Reference
Sjoros TJ, Heiskanen MA, Motiani KK, et al. Increased insulin-stimulated glucose uptake in both leg and arm muscles after sprint interval and moderate-intensity training in subjects with type 2 diabetes or prediabetes [published online ahead of print March 13, 2017]. Scand J Med Sci Sports. 2017;1-11.
Study Objective
To evaluate the effects of sprint interval training (SIT) and moderate-intensity continuous training (MICT) on glucose and fatty acid uptake in peripheral muscles of the arms and legs, including the effects on insulin sensitivity in those muscles.
Design
Randomized controlled trial; participants were randomly assigned to engage in either SIT or MICT to compare effects of exercise on glucose and insulin parameters.
Participants
Twenty-six sedentary individuals aged 40 to 55 years, with diagnosis of either type 2 diabetes mellitus or prediabetes. Based on exclusion criteria, none of the participants smoked, used narcotics, had chronic disease or defect that hindered daily life, had a history of anorexia nervosa/bulimia or asthma, currently or previously exercised regularly, or had a peak oxygen consumption (VO2peak)>40 mL/kg/min (VO2peak is positively correlated with physical fitness). The SIT group included 9 men and 4 women; the MICT group included 7 men and 6 women.
Study Parameters Assessed
Both SIT and MICT groups trained 6 sessions within 2 weeks in controlled laboratory conditions. Sprint interval training included 4 to 6 bouts of all-out cycling for 30 seconds followed by a 4-minute recovery period (either doing nothing or very light cycling). Training began with 4 bouts per session and was increased by 1 after every other session to 6 maximum.

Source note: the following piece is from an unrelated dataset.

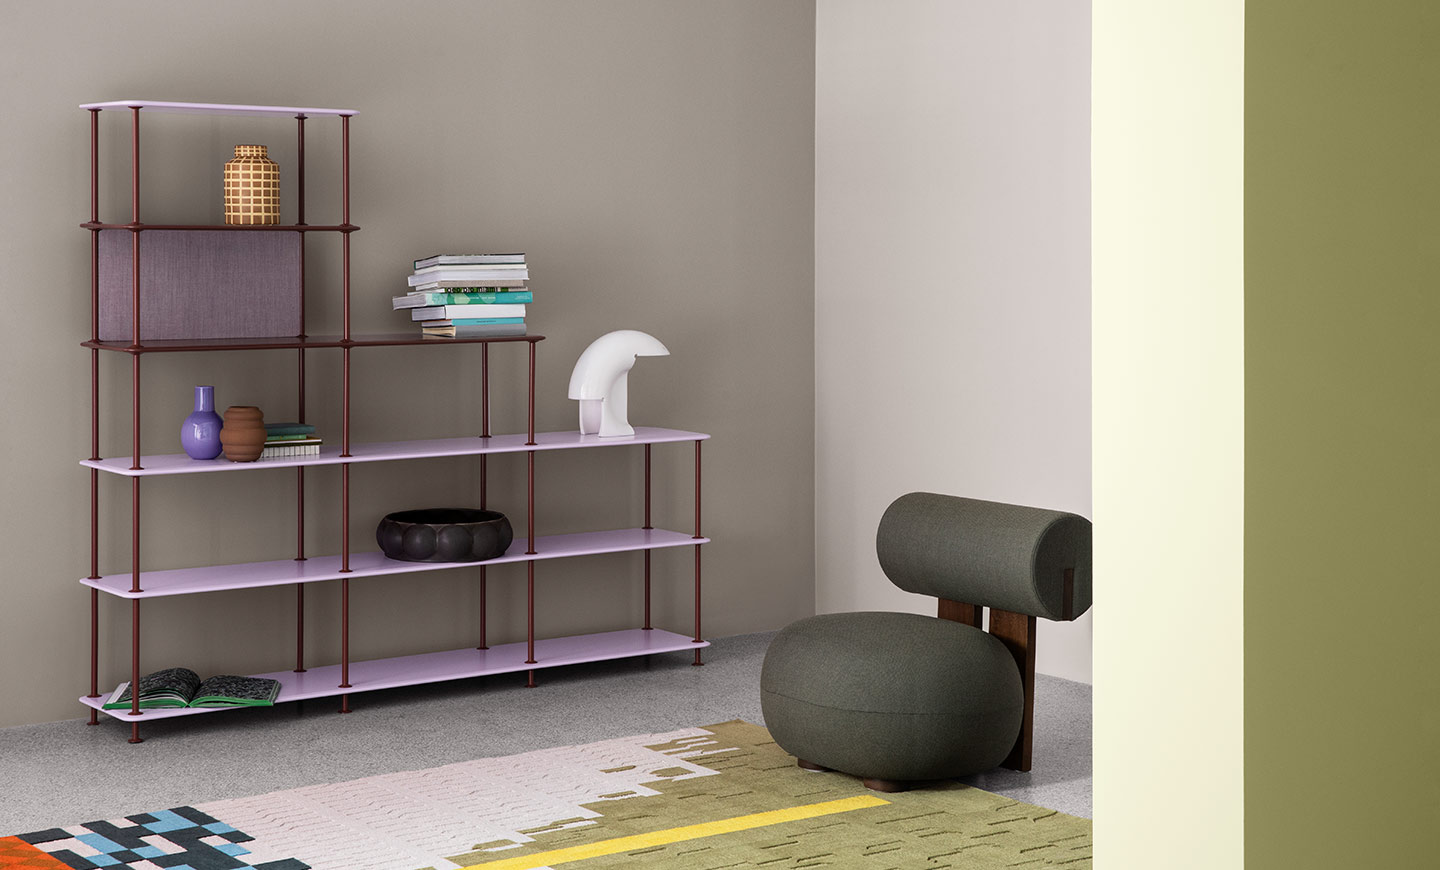 Bilde av hylle og designerstol foran malt vegg. Grålig lavendertone: 20186 Lavender Touch er litt kjølig i uttrykket og er perfekt for store vegger. Den står flott til andre farger, som 8565 Hope her til høyre. Her malt med LADY Pure Color.

These results suggest that regular exercise can, in a relatively short period of time (2 weeks), help reduce glucose levels in patients with impaired glucose control.
Each session of MICT consisted of 40 to 60 minutes of cycling at a 60% intensity of peak VO2. Training began with 40 minutes per session and was increased by 10 minutes after every other session to the maximum of 60 minutes. Both exercise training modes also included a 5-minute low-intensity warmup and cool-down period before and after each session.
A hyperinsulinemic euglycemic clamp study (participants received infusions of insulin and glucose, used to measure insulin sensitivity) was performed before and after the study, as well as an oral glucose tolerance test (OGTT). Positron emission tomography (PET) analysis with labeled tracers was used to measure glucose and free fatty acid (FFA) uptake in the thigh and arm muscles.
Primary Outcome Measures
The following parameters were measured before and after the exercise sessions: weight, body mass index (BMI), fat (%), fat-free mass, VO2peak, glycosylated hemoglobin (HbA1c), hemoglobin, hematocrit, fasting glucose, fasting insulin, fasting FFA, OGTT 2-hour glucose, OGTT 2-hour insulin, glucose area under the curve (AUC) in OGTT, insulin AUC in OGTT.
Key Findings
Both SIT and MICT exercise sessions led to a 25% increase in whole-body insulin-stimulated glucose uptake. There was significantly increased insulin-stimulated glucose uptake in all thigh and upper arm muscles. Two weeks of SIT or MICT induced dramatic 138% (P<0.001) and 93% (P<0.001) increases in quadriceps femoris (QF) glucose uptake, respectively.
In both groups, fatty acid uptake was increased in QF muscle but not in hamstrings or biceps and triceps brachii.
Peak VO2 improved by 5% (P=0.013) in the SIT group, with no significant improvement in the MICT group.
Practice Implications
This study shows that both SIT and MICT can improve measures of glucose control in patients with diabetes or prediabetes. Both interval and continuous training improved overall insulin sensitivity and significantly increased glucose and FFA absorption in the QF; glucose absorption was increased in other muscles as well. These results suggest that regular exercise can, in a relatively short period of time (2 weeks), help reduce glucose levels in patients with impaired glucose control. Regular exercise trains muscles to better respond to insulin and promotes absorption of glucose and fatty acids from the serum.1 When we recommend exercise for our patients with prediabetes or type 2 diabetes mellitus, we can encourage them to engage in either continuous or interval training, whichever form is more comfortable (or achievable) for them, and let them know that both can help control their condition.
Although fasting glucose did not deviate from pre- and post-study levels, HbA1c did decrease in post-study analysis. The decrease in HbA1c is likely related to a postprandial decrease in glucose level, given that exercise has been shown to lower postprandial glucose for up to 24 hours, depending on duration and intensity.2,3
This study involved only a very small number of participants and did not consider potential effects of female menstrual cycling or menopause hormonal therapy, 2 important limitations. Estrogen hormones can affect some women’s insulin resistance: premenstrual insulin resistance can occur,4 and hormone replacement therapy in postmenopausal women can lower insulin resistance.5 However, the results of this study are encouraging and can inform our exercise recommendations for patients with diabetes or prediabetes.